Almost bought one of these today, but ran short on time. Thanks for putting up the pics.


----------



## ATOMICTECH62 (Jan 24, 2009)

These are some of the best made sub amps in my opinion.
However they have one major flaw that has brought them to me for repair.
Little strands of speaker wire will fall into the case through a small opening under the top cover.They fall between the 3 legs on the mosfets and voltage regulators shorting them out.
And yours is about to have the same fate.
There are 2 pieces in the last picture at the upper left hand side.One is above the image of the steaming cup of coffee and the other to the left of the big blue resistor.
Get them out of there.
These little strands of wire will also stick to the white heat sink compound and work their way down to the leads from vibration.
Check the amp thoroughly and remove them.

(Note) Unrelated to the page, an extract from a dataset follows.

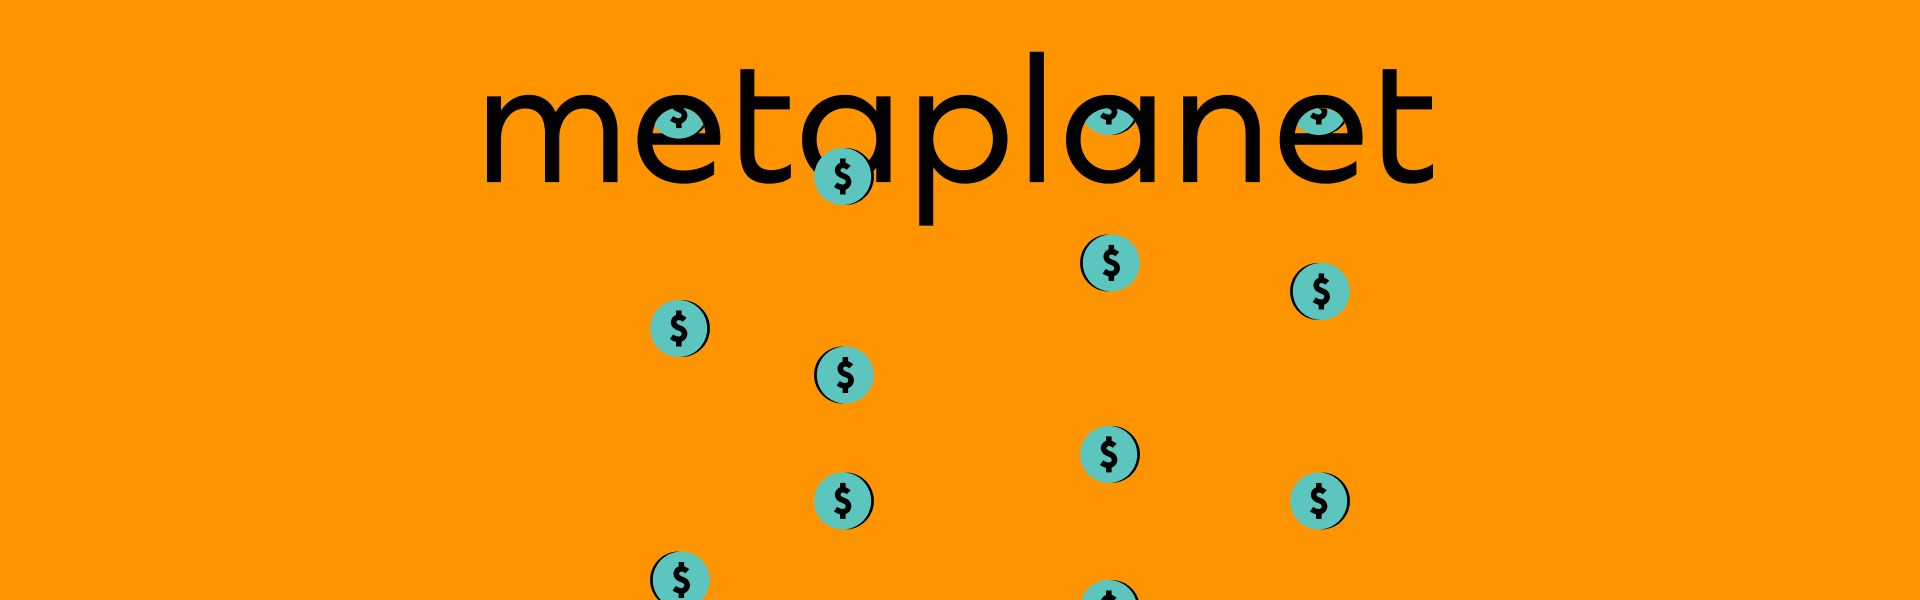 Metaplanet виділить додатково $1,6 млн на купівлю біткоїнів

I see more stuck in the heatsink compound on the other pictures also.


----------



## 1996blackmax (Aug 29, 2007)

Thanks for the heads up ATOMICHTECH! I've actually had several amps from these series & never had any issues, reason I'm going back to them. After reading this though, I will make sure to take extra care with loose pieces of wire around the amps. Should be picking up this same amp today or tomorrow.


----------



## ATOMICTECH62 (Jan 24, 2009)

Every one Ive ever seen has this issue.I think they get inside through the slots that go all the way around the top.When installing them most people set them in the trunk and cut/splice wires over the top of them.

These amps are very good.I cant remember ever having to repair one for anything other then this problem.


----------